Wenn ferner ein ans Amt gebundenes Charisma bei
Irenaeus noch nicht gefunden wird (S. 206 u. ö.), wäre
ein Wort über Ir. IV 26 erwünscht gewesen. Wenn
Hegesipps „diodcr/t]" eine Bischofsliste ist, die er selbst
bis auf Anicet gemacht hat, ist der Schluß nicht triftig,
daß diese Liste in Rom vorhanden war. Daß die
potentior principalitas der römischen Kirche (Ir. III 3, 2)
auf ihre Gründung durch zwei Apostel deute, ist unwahrscheinlich
, da auch dem Polykarp die Einsetzung
durch mehrere Apostel zugeschrieben wird (Ir. III 3,4).
Bezüglich der adoptianischen Christologie mag man
das unglücklich komponierte Gleichnis des Hermas beliebig
auffassen, jedenfalls bleibt es unsicher zu sagen:
„der einfache Gehalt dieser Christologie war in Rom
von alters her eingebürgert" (S. 218).
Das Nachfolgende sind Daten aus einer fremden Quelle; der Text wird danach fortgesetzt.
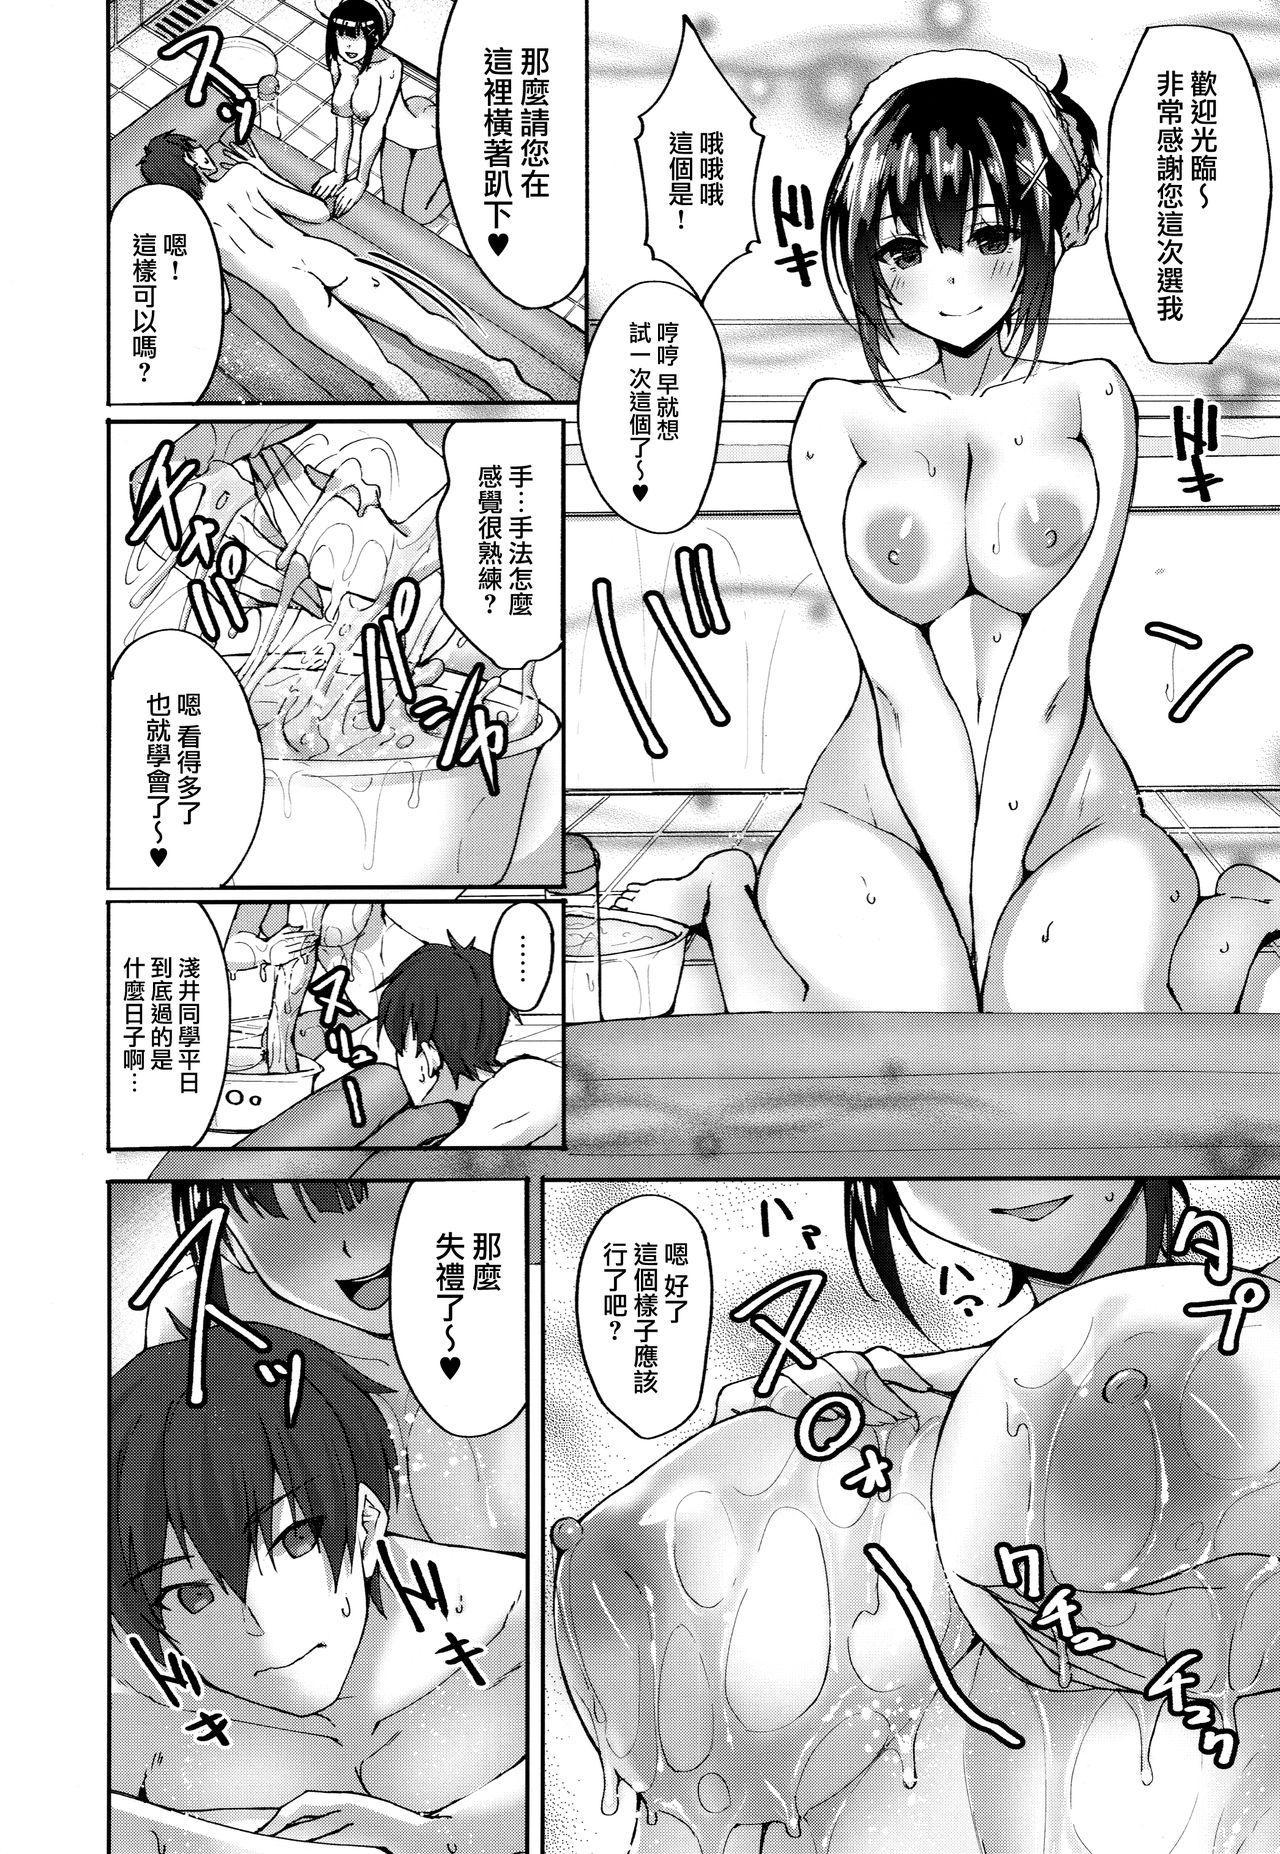 Chishojo Fuuki Iin no Minna ni Ienai Inbi na Onegai 2 5

Eine sehr wertvolle
Bereicherung gibt dann § 23 durch ausführliche
Schilderungen der christlichen Sitte, der Stellung zu Welt,
Staat, Beruf, Kultur, worin vor allem Tertullian und die
Canones Hippolyti ausgeschöpft werden. Die Geschichte
des späteren Montanismus (wobei Seckeis Rekonstruktion
der Karthagischen Inschrift BSB 1921, 989 abgewiesen
wird) wird hier eingeflochten.

Die Darstellung der Bußpraxis (§ 24) ist das Reichhaltigste
und klarste, was über diese schwierige Frage
m.W. in Lehrbüchern vorliegt. Hermas scheint allerdings
nicht an eine Buße in der „Vorhalle" sondern an
volle Aufnahme der Büßer gedacht zu haben. Für die
Exomologese wäre vielleicht Mt. 18,7, gewiß I. Tm.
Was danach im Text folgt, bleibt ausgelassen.